Arvind Chudasama
Verlag Dr. Albert Bartens KG, Lückhoffstr. 16, 14129 Berlin, Germany; arvind.chudasama@bartens.com
Digital agriculture (DA) is a combination of technologies spanning devices sensing the environment from a close distance or thousands of kilometres in the skies to chips monitoring crop-production systems. Underpinned by the Internet of Things (IoT), the technology is advancing traditional agriculture production systems into data-driven smart farming, promising substantive benefits regarding improving efficiency, effectiveness and productivity. DA relies heavily on the data sources and techniques used to collect it. This data is then organized and analyzed in agricultural data warehouses. The process of deploying DA is derived from data science, but farmers seeking to embrace DA face significant challenges. High-speed networks are imperative for collecting and distilling data to support optimized farm operations. Poor connectivity in rural regions is a severe drawback in adopting DA. Even where this can be addressed, farmers assuming the role of data scientists to utilize the technology effectively is a further hindrance. In addition, there is a need to put in place robust security protocols against cyberattacks. This invariably comes with costs. Further, farming operations involve many moving parts – soil management, agronomy, crop protection, weather, labour and much more. Agricultural production is a complex enterprise where informed decision-making is invariably based on embracing knowledge of how these moving parts can best be managed for a desirable outcome. While many datasets support crop production operations, the data is usually rich, large, complex, and heterogeneous. Therefore, its analysis is not straightforward. The central issue is weighing the information about various parameters.
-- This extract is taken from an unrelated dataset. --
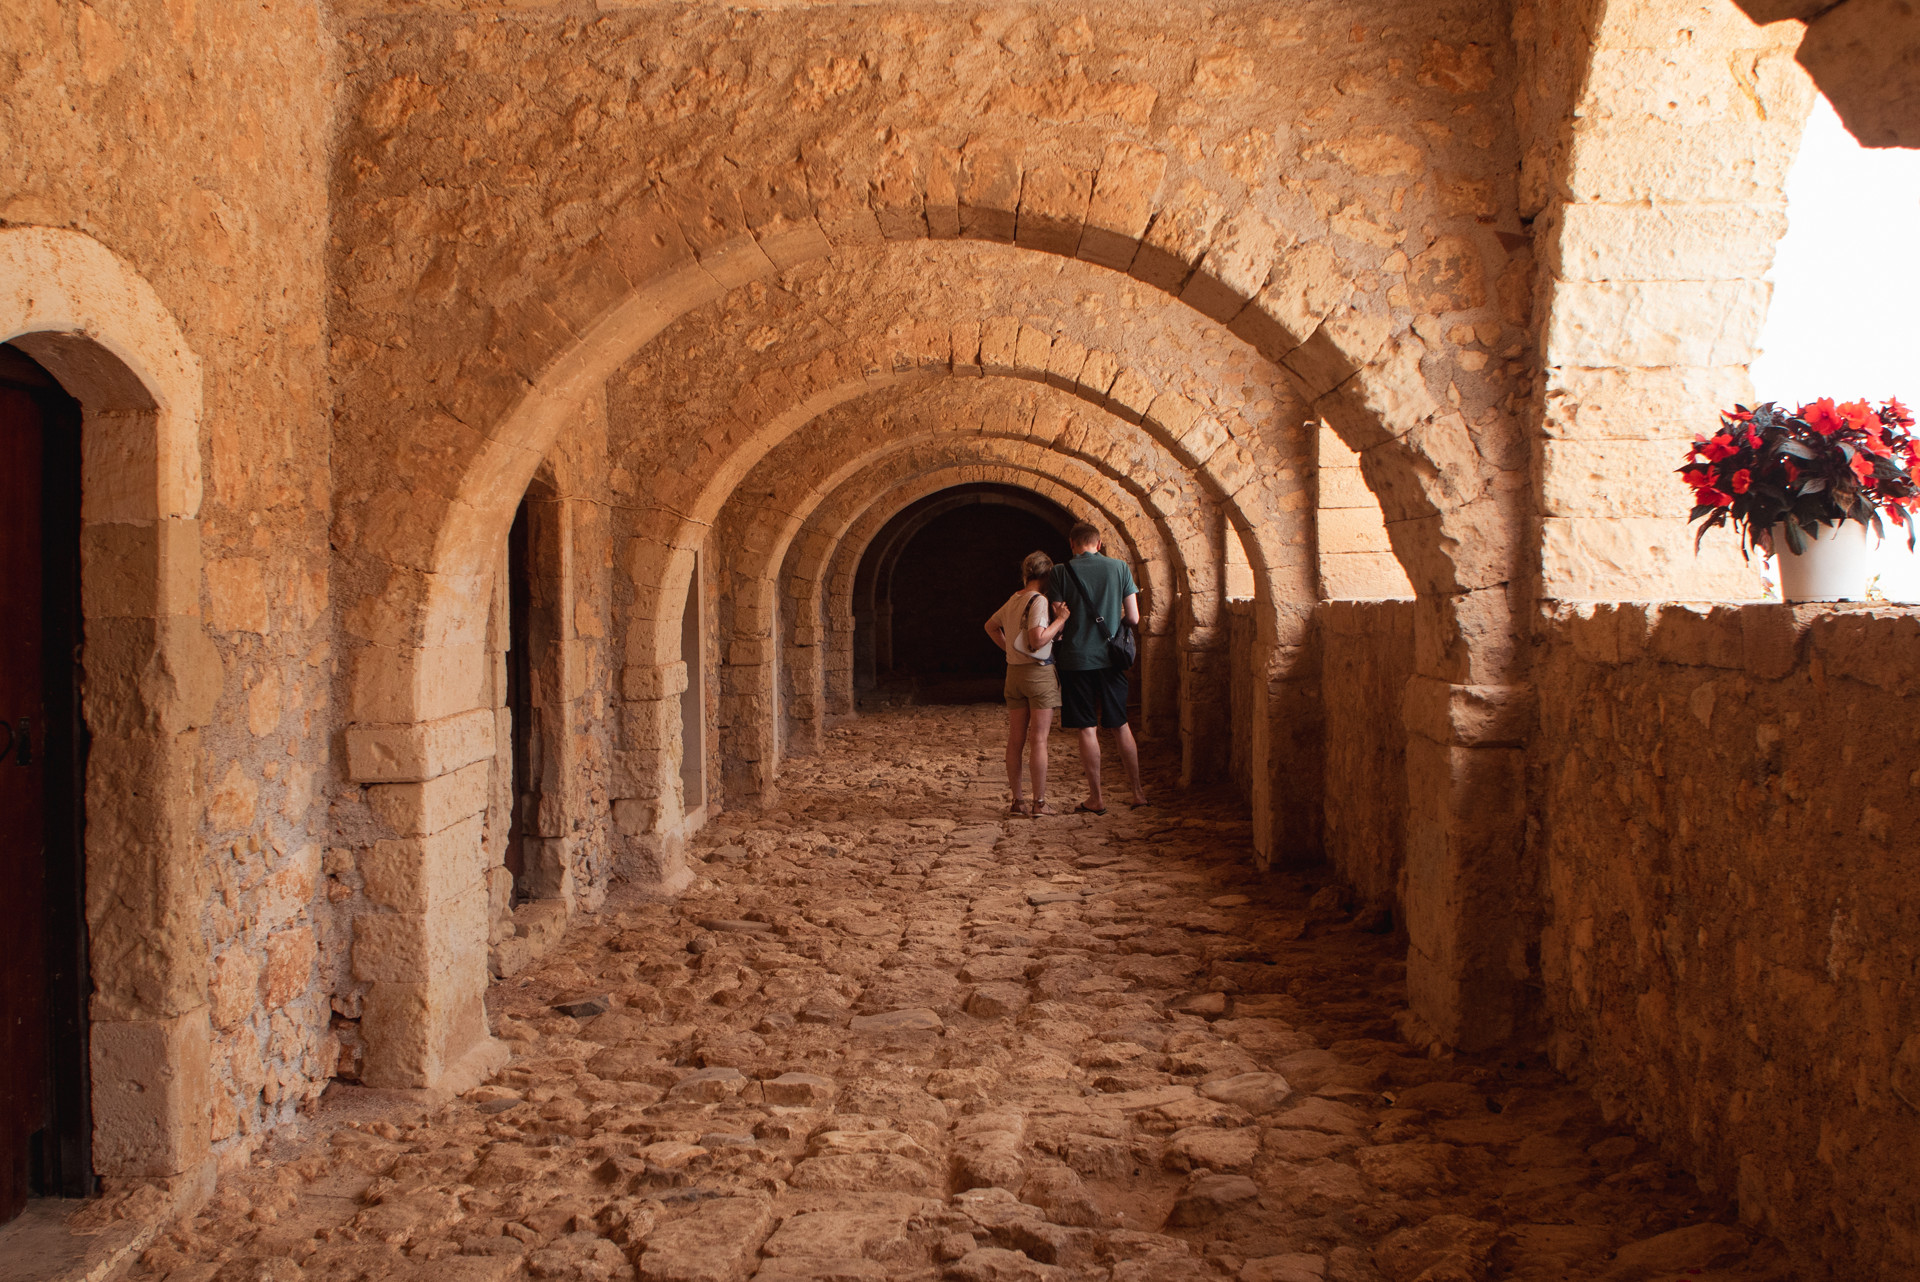 Prayer rooms and monks’ cells are found around the Arkadi Monastery

For example, should soil moisture have a greater weighting than soil structure, or are their relative weighting impacted by the season? Finally, the greater threat from increasing reliance on the technology is trading ‘experiential knowledge’ that farmers have developed over the years, acquiring a sound knowledge of their local ecosystem with ‘technocratic expertise’ that is effectively spoon-fed. The challenges impacting the adoption of smart farming are discussed.